# Happy Times



## GreenGuro (Aug 22, 2012)

Sitting outside baked as hell, on cheap weed wondering what the rest of guys are smoking and how the potency is!


----------



## ddimebag (Aug 22, 2012)

i got some Powerplant...commercial grade, not home grown. It's mediocre. I also got some commercial grade Amnesia Haze which for ONCE is harvested on time, and not ten days early. This one is probably the best I can buy locally, but still not connoisseur ganja. I got some qleaner crosses, columbian gold crosses and bugglegum x durban coming soon though...


----------



## GreenGuro (Aug 23, 2012)

ddimebag said:


> i got some Powerplant...commercial grade, not home grown. It's mediocre. I also got some commercial grade Amnesia Haze which for ONCE is harvested on time, and not ten days early. This one is probably the best I can buy locally, but still not connoisseur ganja. I got some qleaner crosses, columbian gold crosses and bugglegum x durban coming soon though...

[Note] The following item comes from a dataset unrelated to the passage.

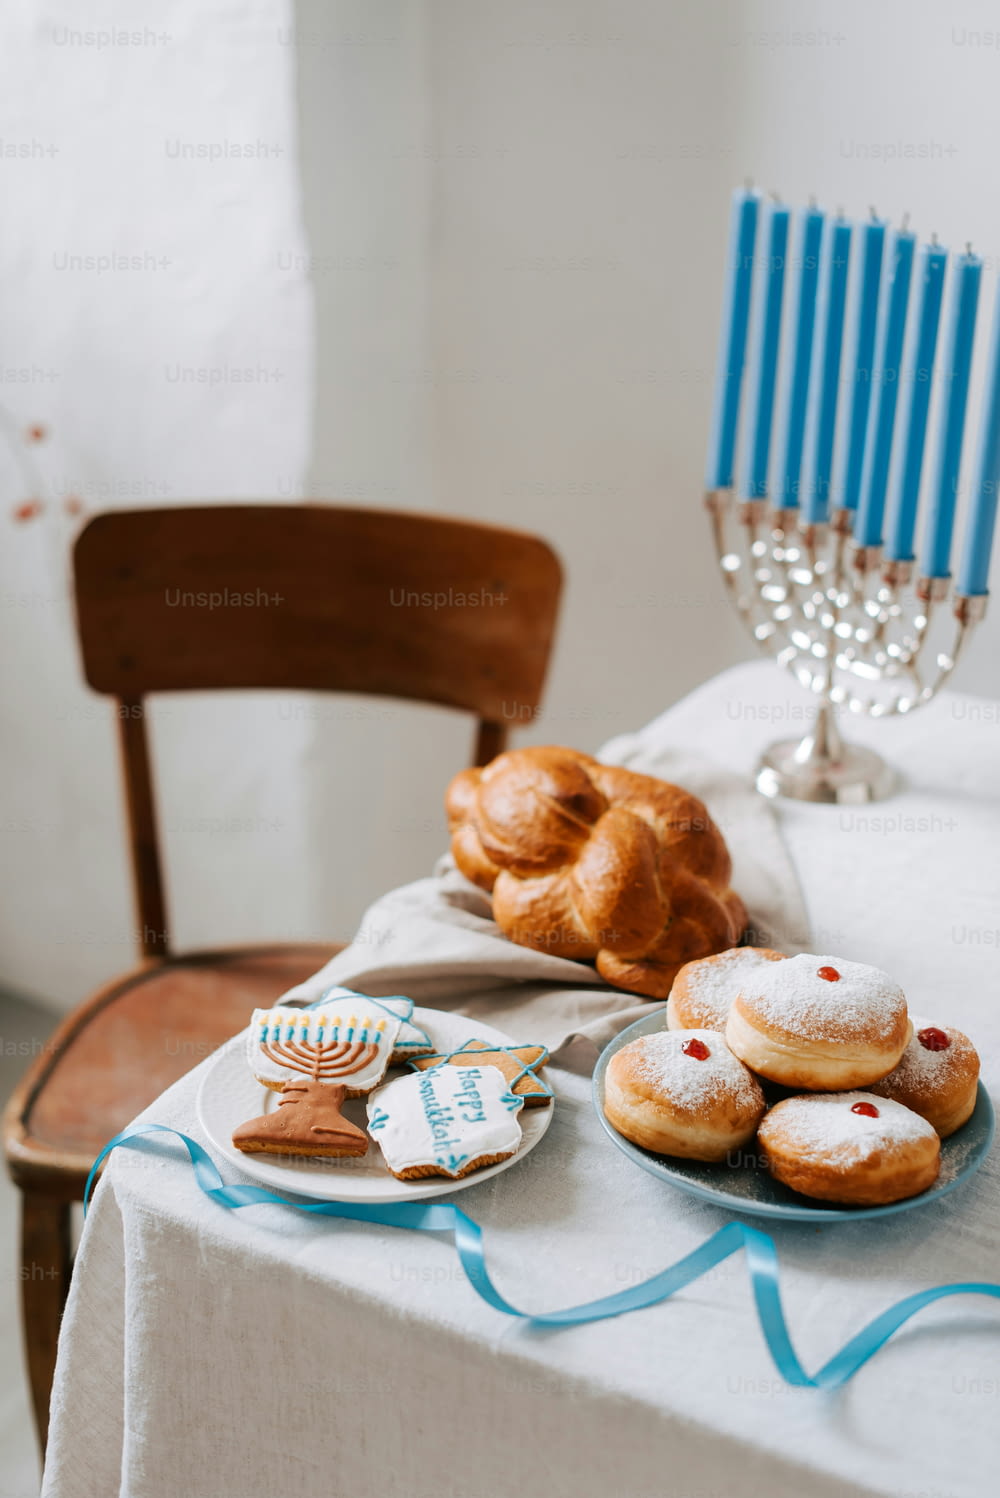 a table topped with pastries and a plate of donuts
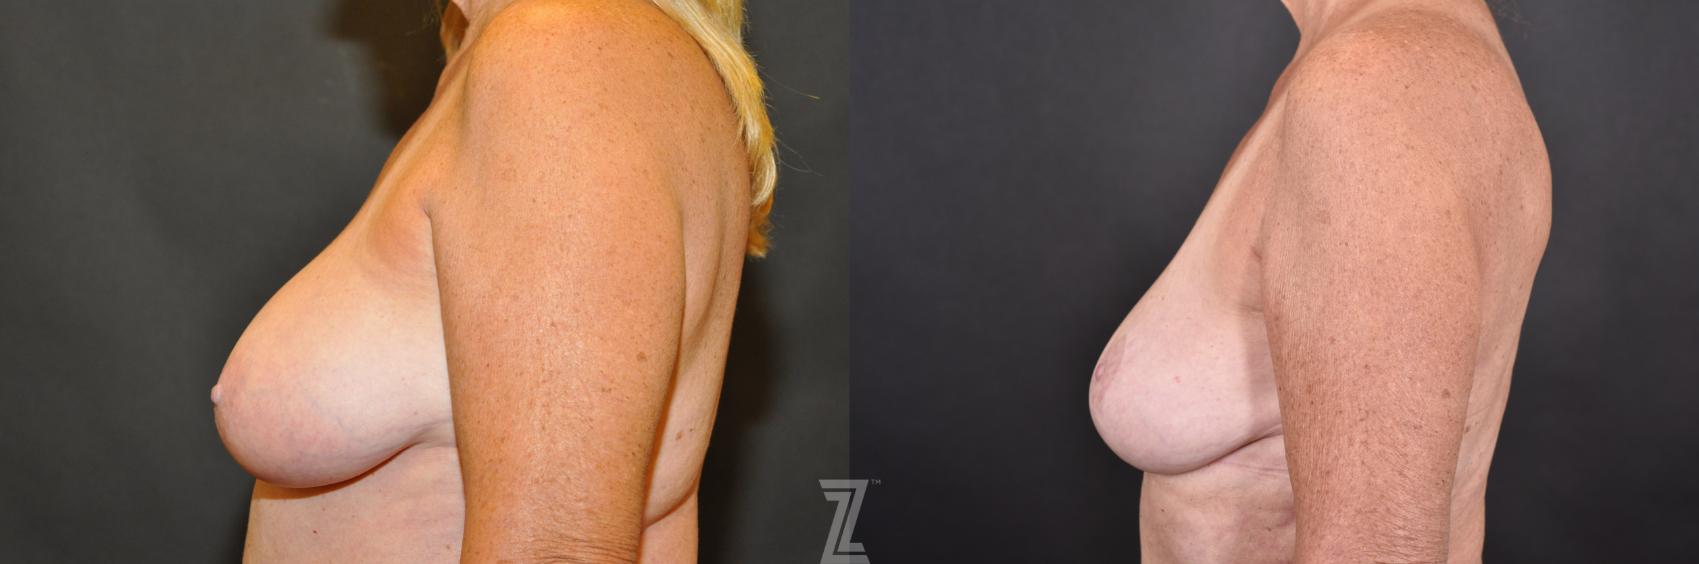 Breast Reduction Before & After Photo | Austin, TX | The Piazza Center for Plastic Surgery & Advanced Skin Care

There is a lot of good things coming your way I'd say. Man I wish we had proper dealers where I live getting tired of the seed sticks fan leaves and tiny bud mix the bastards keep selling us.


----------



## manihar234 (Aug 28, 2012)

happy times is a celebrated for us its gives the times of happy and really enjoying for this times.


----------



## gaztron3030 (Aug 28, 2012)

watching peep show on a random sativa strain. nice couchlocked mellow stone. just checked on my indica girls and they look happy so Im a happy chappy. Hope you peeps are happy whatever you are smowkin


----------



## futureprospects (Aug 30, 2012)

smoking some blue dream right now that I got in the mail.... its awesome!


----------



## futureprospects (Aug 30, 2012)

oh and tonight I will bust out the Hindu kush ahh i love weed!


----------



## mikeandnaomi (Aug 31, 2012)

Girl Scout Cookies. Its about 24% with a 1.4% CBD.


GreenGuro said:


> Sitting outside baked as hell, on cheap weed wondering what the rest of guys are smoking and how the potency is!


----------